Lately, we have been involved with Christian Schools Ministries. One exciting assignment was helping a school in Northern Manitoba, beyond where the roads go, and living on a Reserve where most of the people don't even have running water or out houses, and where the main language spoken is Oji-Cree. Conditions were rough but the blessings were tremendous. I worked with children between the ages of eight and twelve, and I watched as the Lord began to deal with each of the children. Before we left, four out of the five had given their hearts to the Lord. They began praying for the fifth, and a few months later I heard word that their prayers (and ours) had been answered.
Then the Father began to speak to me about going back to writing, but I wasn't sure that it was really what He wanted for me. You see, I had made a lot of mistakes in the past, the greatest of which was rooted in the strong desire to promote Carol Flett. If I started writing, wouldn't I run into the same snares? I wanted nothing more to do with anything that would necessitate my own personal promotion. But it continued to play on my mind until I begged the Lord to show me what I should do.
This is what He directed me to:
Ps 78:3. "I will open my mouth in a parable which we have heard and known, and our fathers have told us.I knew that Mom's story was a wonderful testimony of the workings of God. Still, I was not totally sure that I wasn't just wasting time, but when I opened my Bible and saw a long tedious genealogy, I realized that God went to a lot of trouble to keep a record of parents and grand parents. After that I flipped over in the Bible to another passage. It opened to me at Psalm 145:4.

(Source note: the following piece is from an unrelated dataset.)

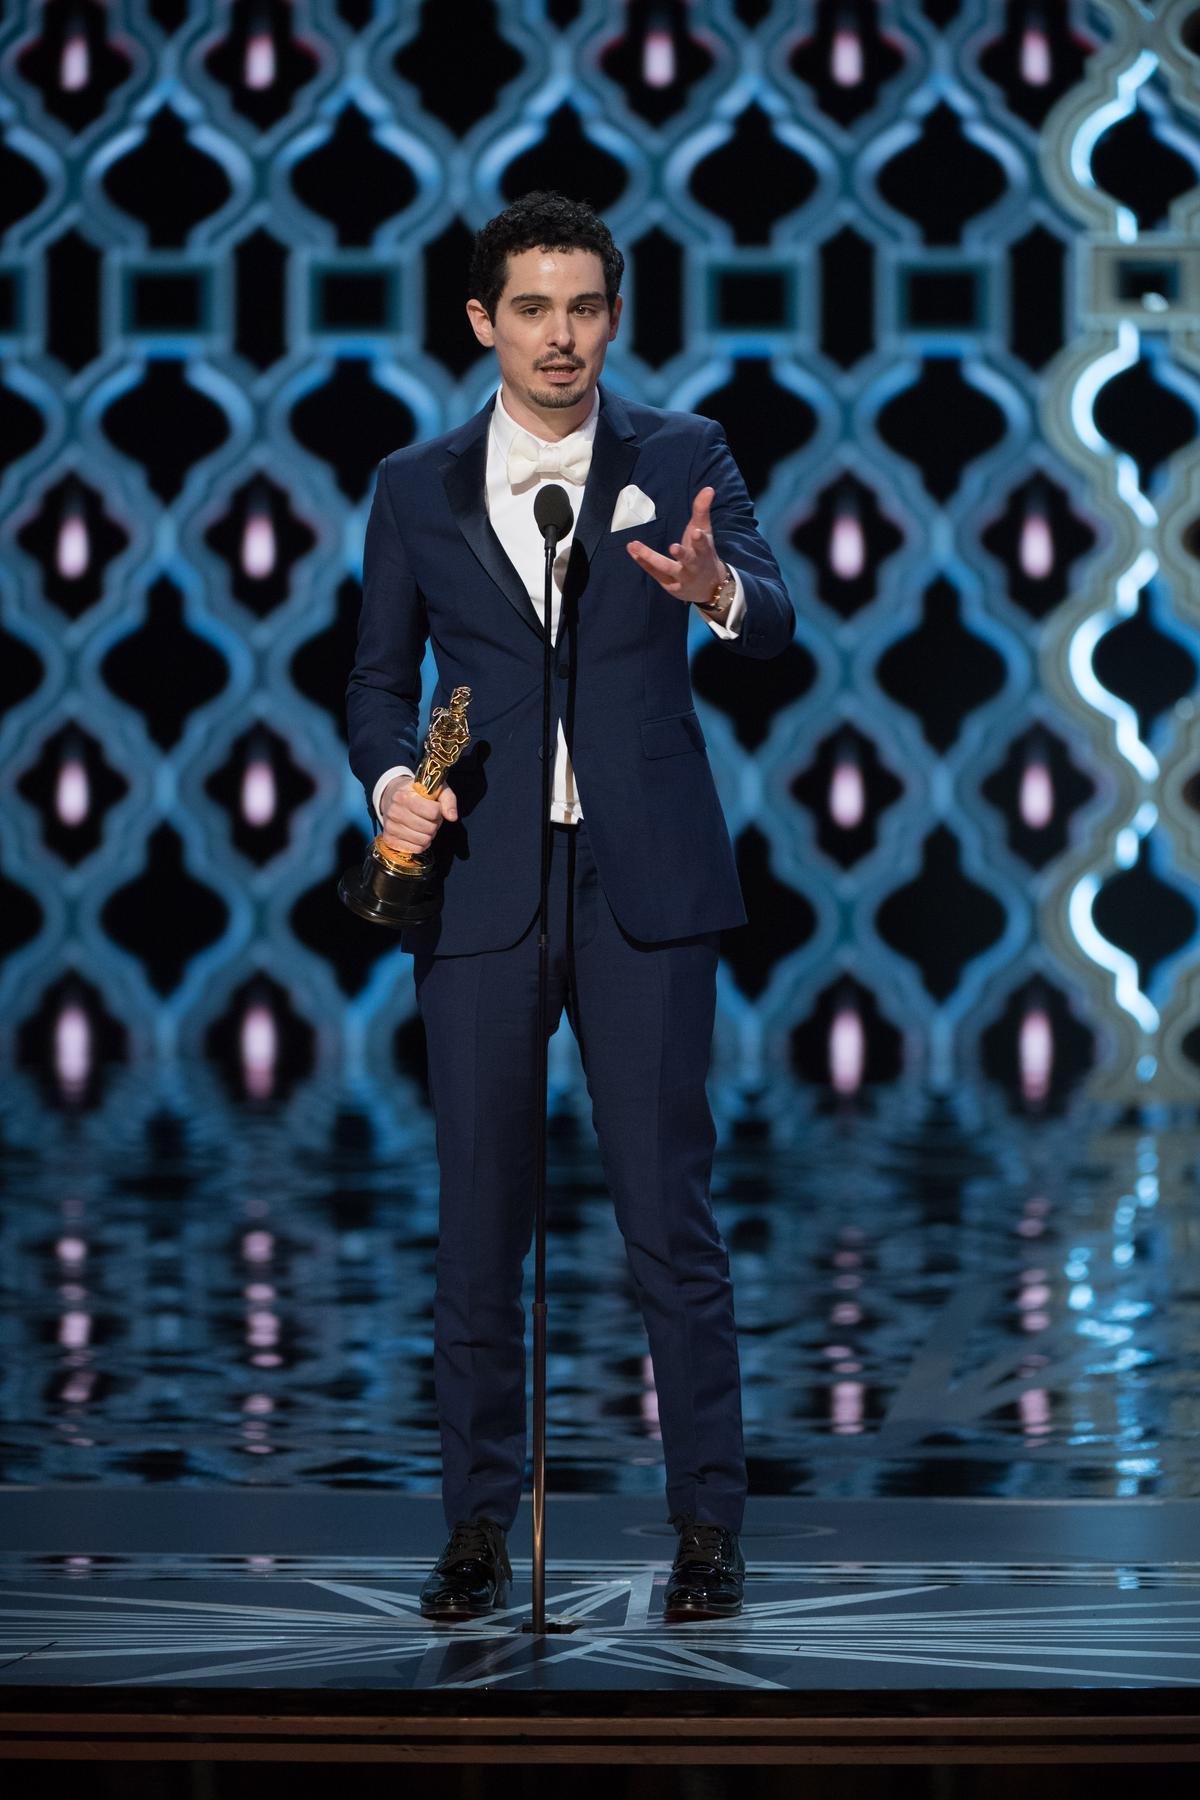 達米恩查澤雷是奧斯卡史上最年輕的最佳導演,33歲!

4. We will not hide them from their children, showing to the generation to come, the praises of the LORD, and his strength, and his wonderful works that he hath done.
5. For he established a testimony in Jacob, and appointed a law in Israel, which he commanded our fathers, that they should make them known to their children:
6. That the generation to come might know them, even the children which should be born; who should arise and declare them to their children:
7. That they might set their hope in God, and not forget the works of God, but keep his commandments:"
"One generation shall praise thy works to another, and shall declare thy mighty acts."And verse 2 says
"Every day will I bless thee."I believed my writing would bless him, and I knew that I would have to do it every day. My husband reminded me that my painting did not have much potential for winning souls to the Lord but my writing could. I started back to my writing.
I now have five books in print. "Susie's Story", "Susie's Journey", "Susie's Calling" , "Gang Trouble", and a picture book, "Lost". I believe that the Lord Jesus is using these books, and is placing them where He wants them to be placed. I am amazed at how He has been in control of distribution.
Occasionally I hear of lives that have been touched by my stories and this really excites me. It's why I do what I do. There is no greater thrill than to have some small part in seeing a soul accept the Lord Jesus into their heart and life.
Since writing this testimony my situation has changed and I am now a widow. I still look to my Heavenly Father to direct every step I take, and I still pray that I can be used to help others. I pray that my blogs help some soul along life's journey.